Which Option Fits Your Situation?

Investor ProfileBest Option(s)
First flip, limited capitalPrivate money or HELOC
First flip, owner-occupantFHA 203K or HomeStyle
Experienced flipper scalingHard money
Strong network of investorsPrivate money
$200K+ liquid assetsCash for smaller deals, hard money for larger
Multiple simultaneous flipsHard money + private money combo

Many experienced flippers use a combination. A common approach is to use hard money for acquisition and rehab, then layer in private money or HELOC funds for the down payment and holding costs.

Calculating Total Financing Cost

No matter which option you choose, always calculate total financing cost — not just the interest rate:

Total Financing Cost = (Interest x Months) + Points + Origination Fees + All Other Fees

Then calculate financing cost as a percentage of projected profit:

Financing Cost Ratio = Total Financing Cost / Projected Net Profit

If financing consumes more than 30-40% of your projected profit, the deal’s margin for error is thin.
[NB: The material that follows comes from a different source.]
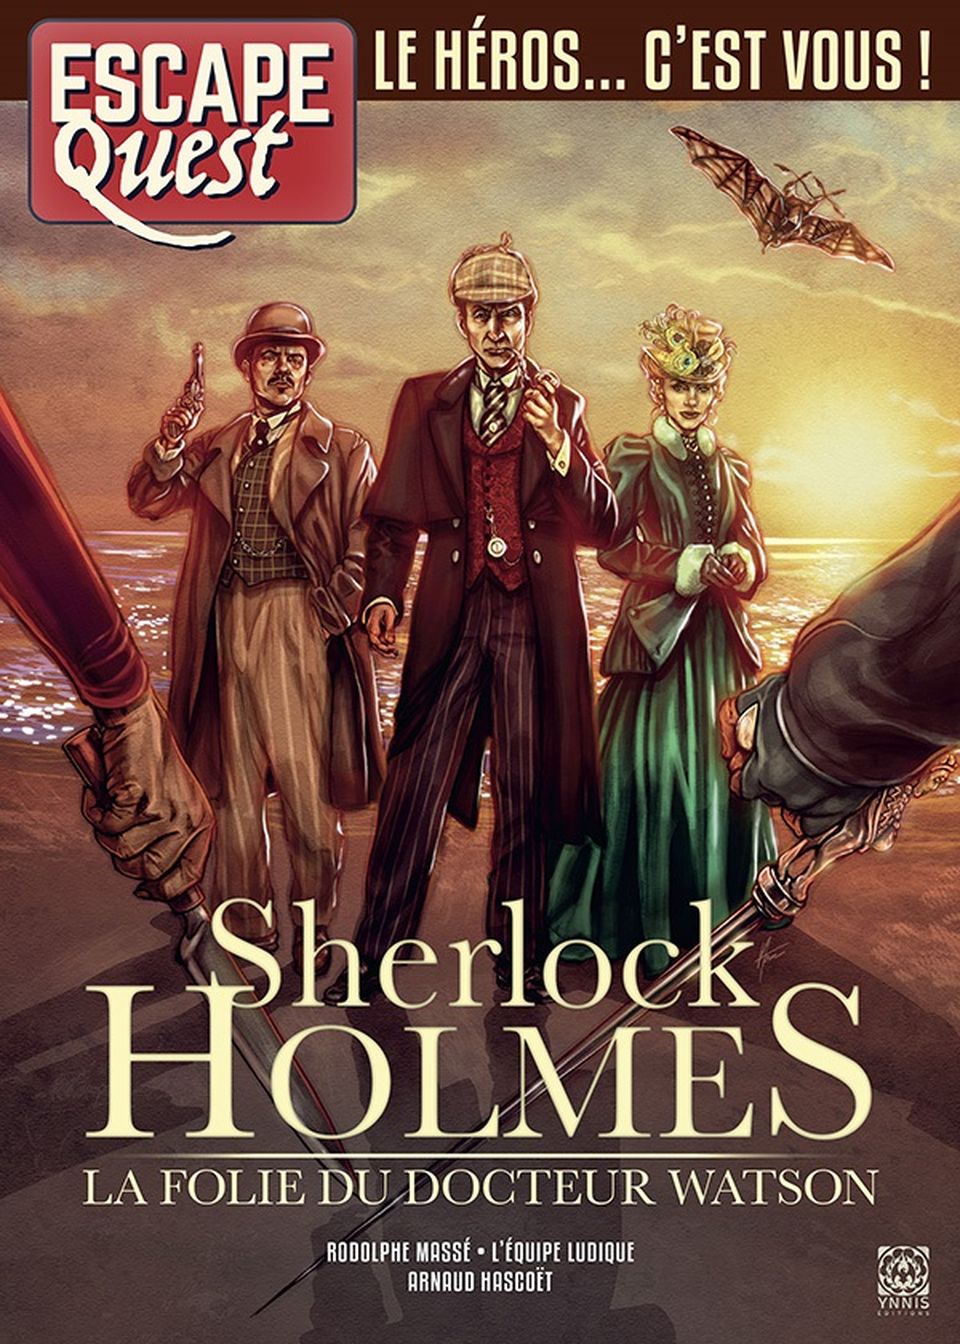 Escape Quest : Sherlock Holmes, la folie du docteur Watson image

A rehab overrun or slower-than-expected sale could eliminate your profit entirely.

Model the full scenario in our flip calculator.

For more on structuring profitable flips, see our fix and flip guide.

Frequently Asked Questions

Can you flip a house with no money down?

Yes, but it requires creative financing. Private money lenders may fund 100% of the purchase and rehab. Some hard money lenders will fund 90% of purchase and 100% of rehab if the deal has strong numbers (low LTV relative to ARV). You still need cash for closing costs and holding costs. Truly zero out-of-pocket is possible but rare and requires an excellent deal and willing lenders.

Is hard money or private money better for flipping?

It depends on your network and deal volume. Hard money is more accessible and scalable — any experienced flipper can get a hard money loan. Private money offers better terms and more flexibility but depends on personal relationships. Most successful flippers develop both funding sources.

How much cash do you need to flip a house?

At minimum, expect to need 10-15% of the total project cost in cash, even with financing. On a $200K total project (purchase + rehab), that is $20K-$30K for down payment, closing costs, and reserves. Cash flips require the full amount plus a buffer.

Can I use an FHA loan to flip a house?

Not in the traditional sense. FHA loans (including 203K) require owner-occupancy with a minimum 1-year residence period. You can buy a property, renovate it, live in it for a year, and then sell it. This is called a “live-in flip.” You cannot use FHA to buy, renovate, and immediately resell.

What is the cheapest way to finance a flip?

Cash is cheapest in absolute terms (zero financing cost). Among borrowed options, a HELOC is typically cheapest because rates are lower and there are no points or origination fees on draws. However, a HELOC puts your primary residence at risk, so the cheapest option is not always the best option.